Banda Nawaz believed that there should be an amalgamation between their languages and local dialects for connecting people’s hearts. So, in a mixed dialect of Deccani Urdu and Hindi (Hindawi), he conveyed his message of love. Maulvi Abdul Haqque, one of the pioneers of the Urdu language, noted that almost all vernacular languages were studied by Banda Nawaz to spread his words of wisdom to common citizens. He was also beautifully rooted in the local cultures to attain that goal. He created a beautiful synthesis of the Deccan language in his effort to effectively communicate his mystical discourses, borrowing salient features from the earliest form of Urdu proses.

Banda Nawaz would relay the beautiful discourses on hadith (prophetic traditions), suluk (Sufi path) and kalam (rational Islamic philosophy), every day after Zuhr ‘s prayer. Remarkably, he would speak to those who did not understand Urdu, Arabic, or Persian, in the vernacular Dakhni language. Khwaja Banda Nawaz has written many spiritual treatises, including Hidayat Nama, Qaseeda Amali and Adaab-al-Mureedein. But its masterpiece is Me’raj-ul-Ashiqin. It exposes what it takes to be an Ashiq — the true lover or seeker of the mystical path that, through ma’rifat (gnosis), reaches ultimate relationship with the divine.
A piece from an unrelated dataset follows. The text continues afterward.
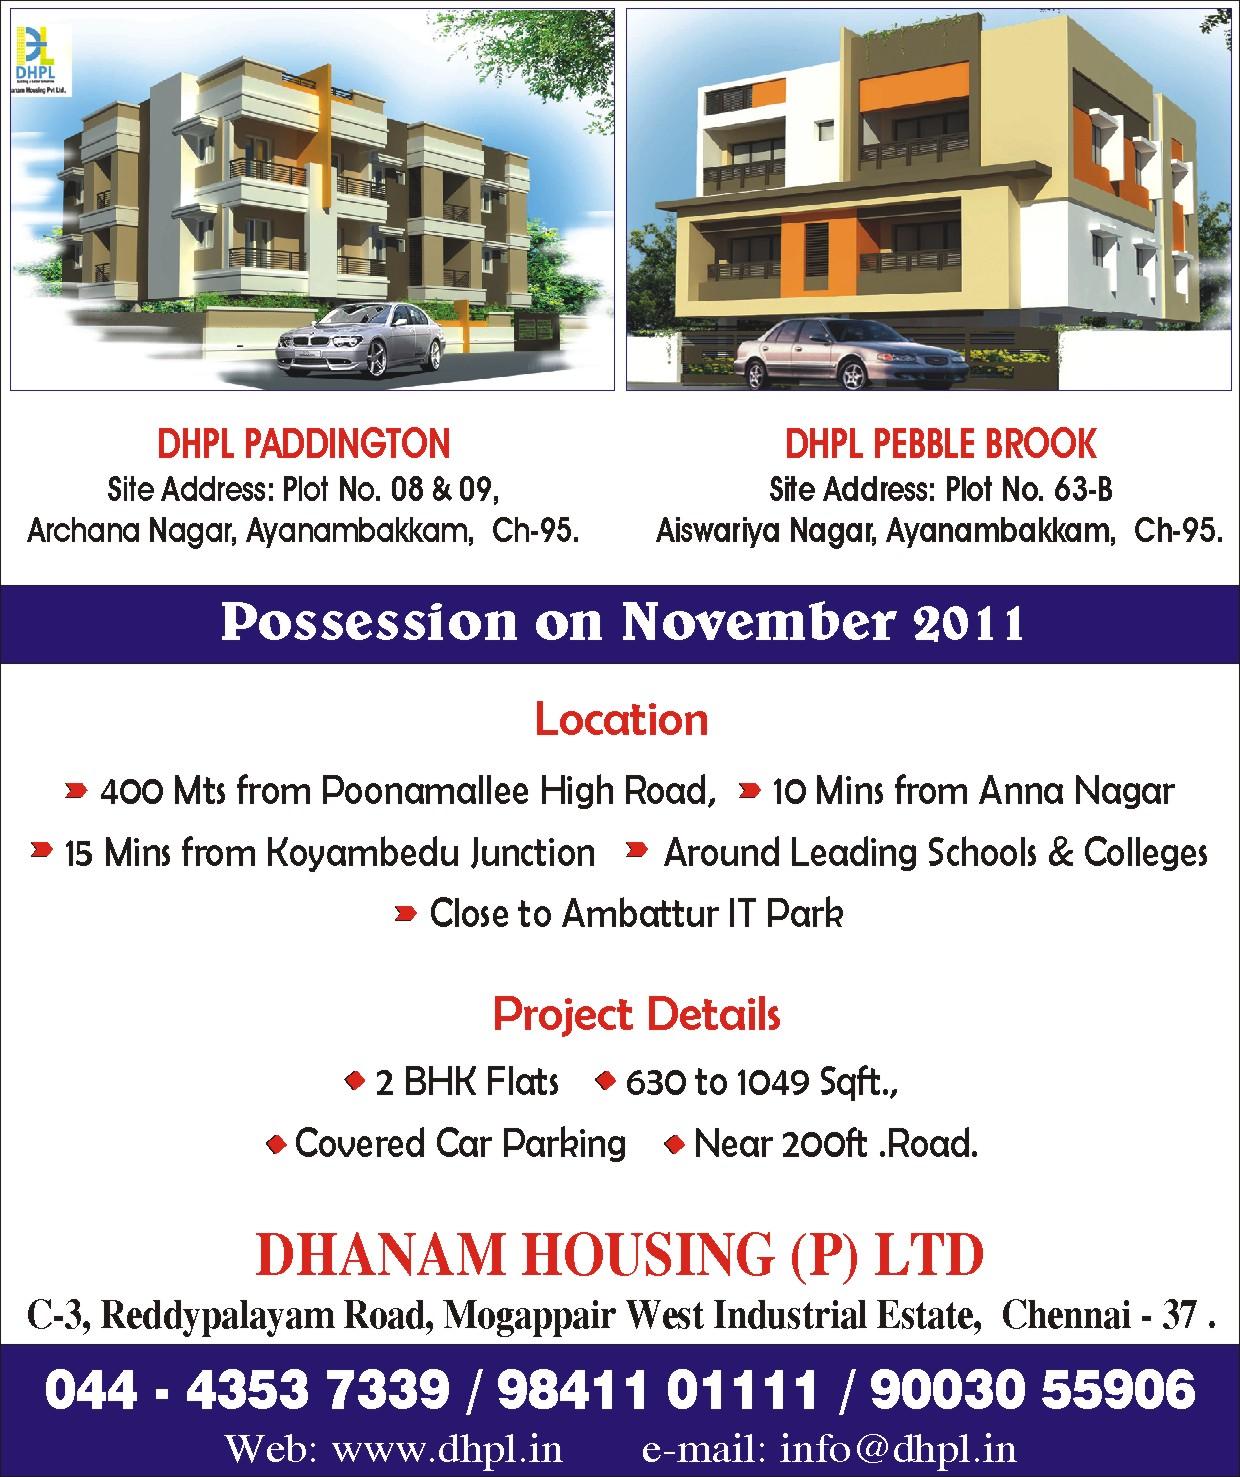 Dhanam Housing, Company, Chennai

In his opinion, m’arifat connotes an intuitive understanding through profound perceptions of the universal spiritual reality. ; This close personal relationship between the lover and the Divine is expressed in these wonderful Persian lines, as mentioned in

Me’raj-ul-Ashiqin:
Man tu shudam tu man shudi,
man tan shudam tu jaan shudi,
taakas na goyad bad azeen,
man deegaram tu deegari

Translation:“I became you and you me. I am the body, you soul; so that no one hereafter will be able to say that you are someone else and me.